Making selections of features#

One key element in geographic analysis using vector data is to do some kind of analysis with individual features. However, in many instances we don’t want to do an analysis for all features of a layer, but only for a subset, for which a condition is true. We thus a entering the world of feature selections of features. In Geography, the two most common types of feature selections are (a) selections based on attributes of the features, and (b) selections based on the geographic context of a given feature. I will provide examples for both examples.
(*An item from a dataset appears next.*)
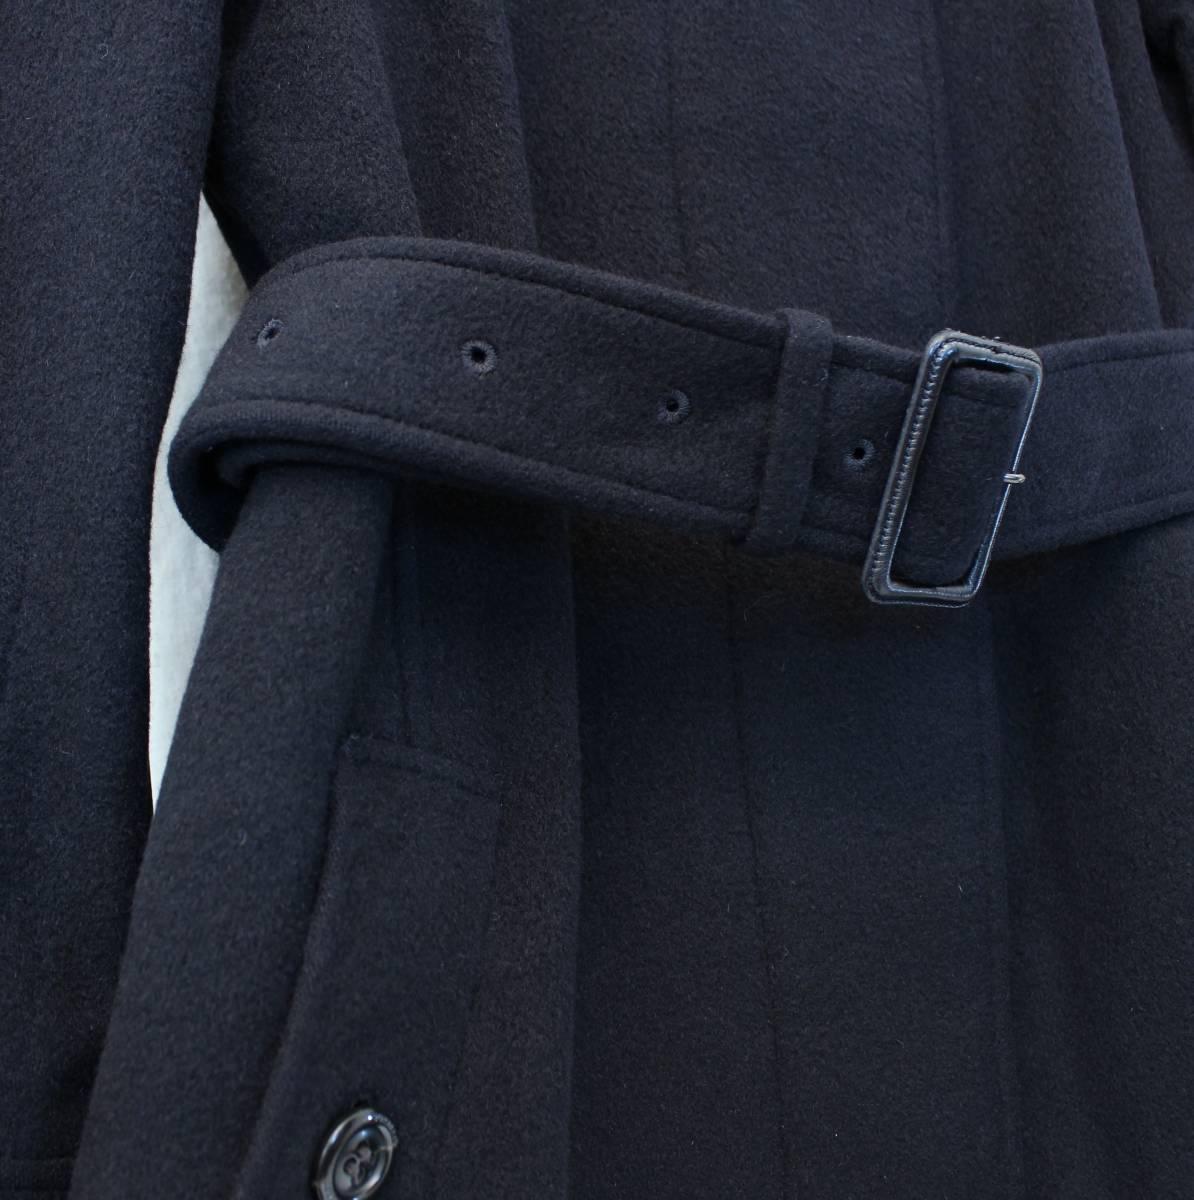 BURBERRY LONDON ANGORA BREND WOOL BELTED COAT MADE IN JAPAN/バーバリーロンドンアンゴラ混ウールベルテッドコート_画像4
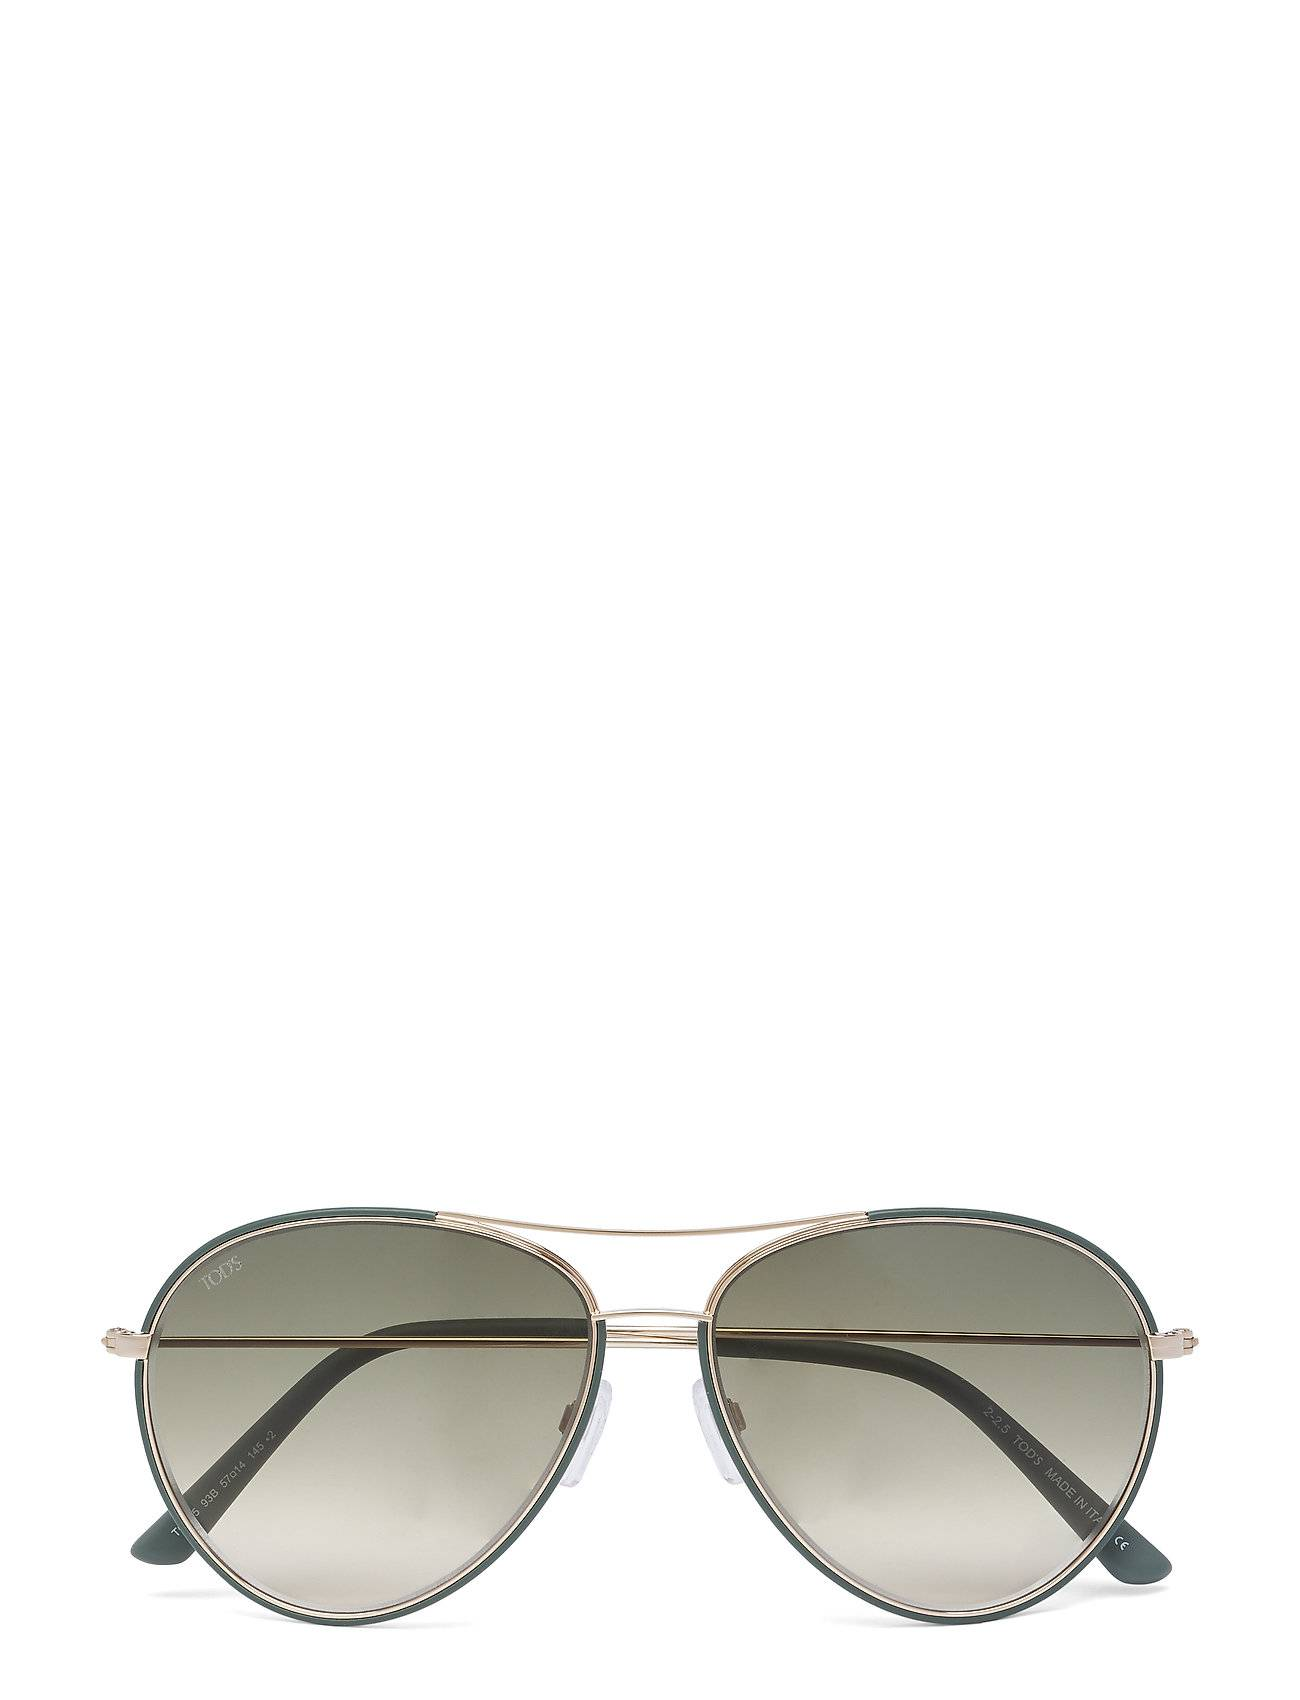 Image of TODS Sunglasses To0155 Pilottilasit Aurinkolasit Kulta TODS Sunglasses

Before that, let’s load again the layer containing boundaries of eight countries of central Europe.

import os
from osgeo import ogr, osr
folder = "D:/OneDrive - Conservation Biogeography Lab/_TEACHING/__Classes-Modules_HUB/M8_Geoprocessing-with-python/data/"
# Open the shapefile
ds = ogr.Open(folder + "EU_vector/gadm36.shp")
# Get the first layer in the file
lyr = ds.GetLayer()
# Get the name of the attributes
[field.name for field in lyr.schema]
['fid', 'iso_a2', 'NAME', 'FIPS_10_', 'ISO_A3', 'WB_A2', 'WB_A3']

Selections by attribute#

The first type of selection that we are going to look at is the selection based on an attribute. You probably know this feature from numerous applications in ArcGIS or QGIS - here, we are doing the same thing, yet using scripting syntax. The layer we opened has only one attribute ('NAME_0'), for which we will do a couple of selections using the functiion .SetAttributeFilter(), which carries one argument: the rule by which we want to make the selection. For this, we need to keep in mind two important aspects:

  1. The query by which we select features is very similar to SQL syntax,

  2. The query itself has to be prepared in form of a string.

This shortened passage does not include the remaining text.